REIT or Real Estate Investment Trust is a specialized company that earns income through its real estate properties. The income trickles down to shareholders in the form of dividends.

The Philippine Stock Exchange and the Securities and Exchange Commission (SEC) are now laying the groundwork for new and more investor-friendly rules that would finally pave the way for REIT listings in the stock market.

“We aim for products like the REIT to be launched soon,” said PSE chairman Jose Pardo. 

With this, DoubleDragon chairman Edgar “Injap” Sia said the company is considering listing its four major subsidiaries as REIT.

 “In DoubleDragon’s case, all our four major subsidiaries focused on provincial retail leasing, office leasing, hotels and industrial warehouses are good candidates for REIT listing as they are all real estate assets that generate recurring income,” Sia said in an interview.

He said DoubleDragon’s four subsidiaries could do REIT listing separately because investors normally have a specific sub-industry within the property sector that they prefer to invest in.

DoubleDragon’s subsidiaries are CityMalls Commercial Centers Inc. for provincial retail leasing; DD Meridian Park Development Corp for office leasing; Hotel of Asia Inc. for hotels; and Central Hub for industrial leasing. 

Sia said there are many benefits of a REIT listing.

“In our opinion, the benefit of REIT listing is first-to be able to recycle capital to further grow the leasable portfolio,” Sia said.

He said it is also a good way to unlock the market value of the company’s revenue generating real estate assets.

“Generally the REIT investors would let’s say, expect a six percent yield, and if your asset basket yields 18 percent, then the company will be able to create value that is triple its actual cost to build.  That will translate to about P100,000 to P150,000 per square meter, and if the company has accumulated one million total square meters of leasable space, then that should translate to over P100 billion in asset valuation, and should also enable the company to generate new capital to further grow its leasable spaces to rent out to its various tenants,” Sia explained.

The REIT Act was passed in 2009, but no company finds the landscape attractive enough to list in the market.

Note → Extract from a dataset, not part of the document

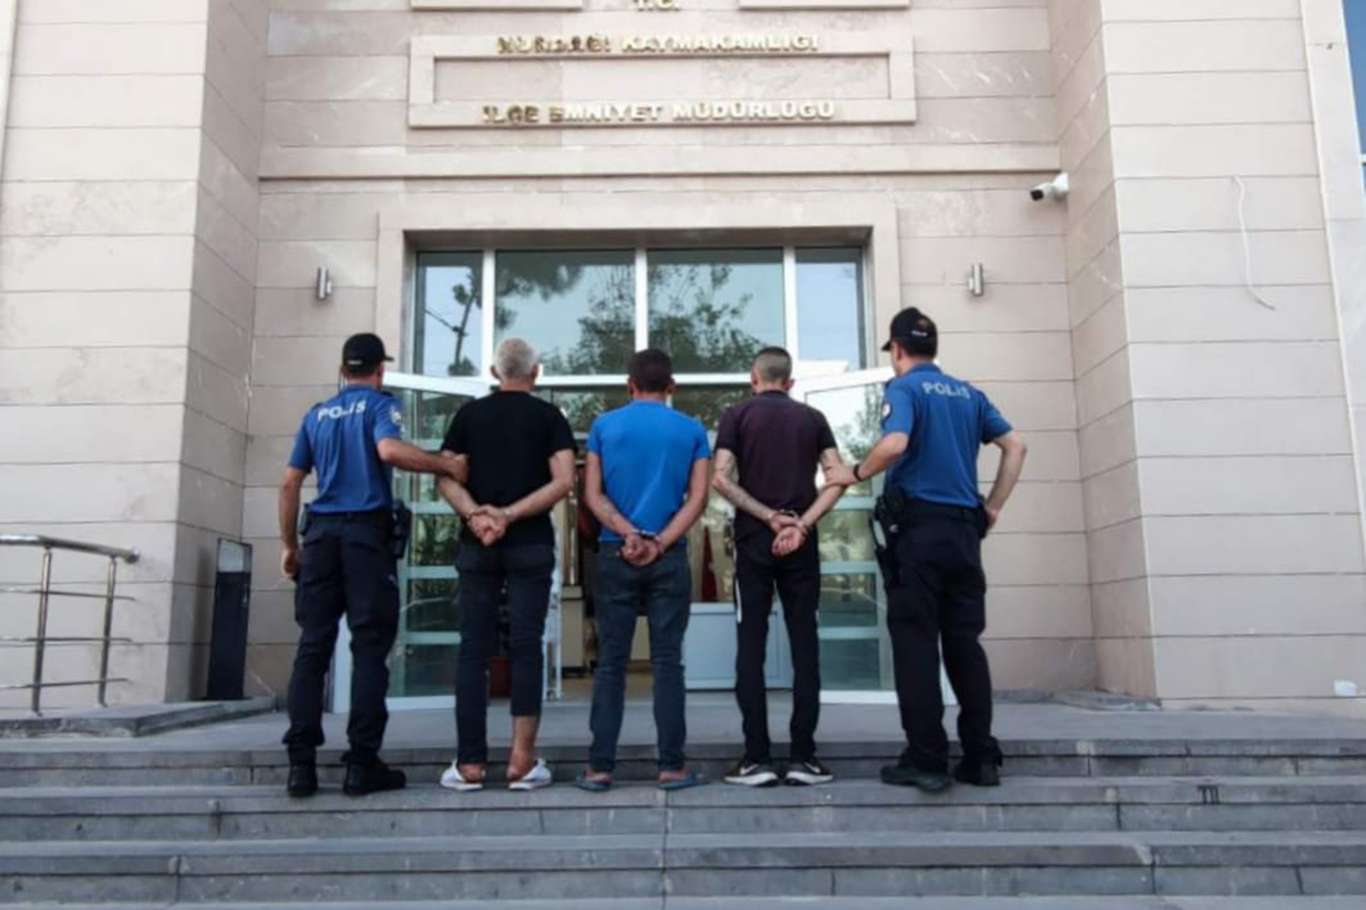 Gaziantep’te uyuşturucudan suç kaydı bulunan 3 kişi tutuklandı

Property players cited friction costs such as minimum public ownership requirements and taxes.

However, the SEC has already agreed to cut REITs’ minimum public ownership (MPO) to 33 percent and the Bureau of Internal Revenue (BIR) has clarified that initial transfers of property to REITs are exempt from value added tax as provided by Republic Act No. 10963 or the Tax Reform for Acceleration and Inclusion (TRAIN) Act.

Thus, corporate regulators will amend the existing IRR of the REIT Act of 2009.

 “We are glad that it looks like the REIT platform is expected to be ready this year, a good timing for DoubleDragon as this year 2019 we expect to already have 800,000 square meters or 80 hectares of completed leasable space portfolio,” Sia said.

He said that once the revised REIT rules are out, DoubleDragon should be ready to consider REIT listing for its subsidiaries if it would result in further strengthening DoubleDragon’s overall position. 

 “In our perspective, another key factor to increase the desirability of the REIT basket is if it is a dominant player in that specific sub-industry, and we believe by then our homegrown brands and relevant projects such as CityMall, DD Meridian Park, Ascott-DDMP, Jinjiang Inn Phils, Dragon8 Mall Divisoria, CentralHub, and Hotel 101, would have deep market traction already,” he said.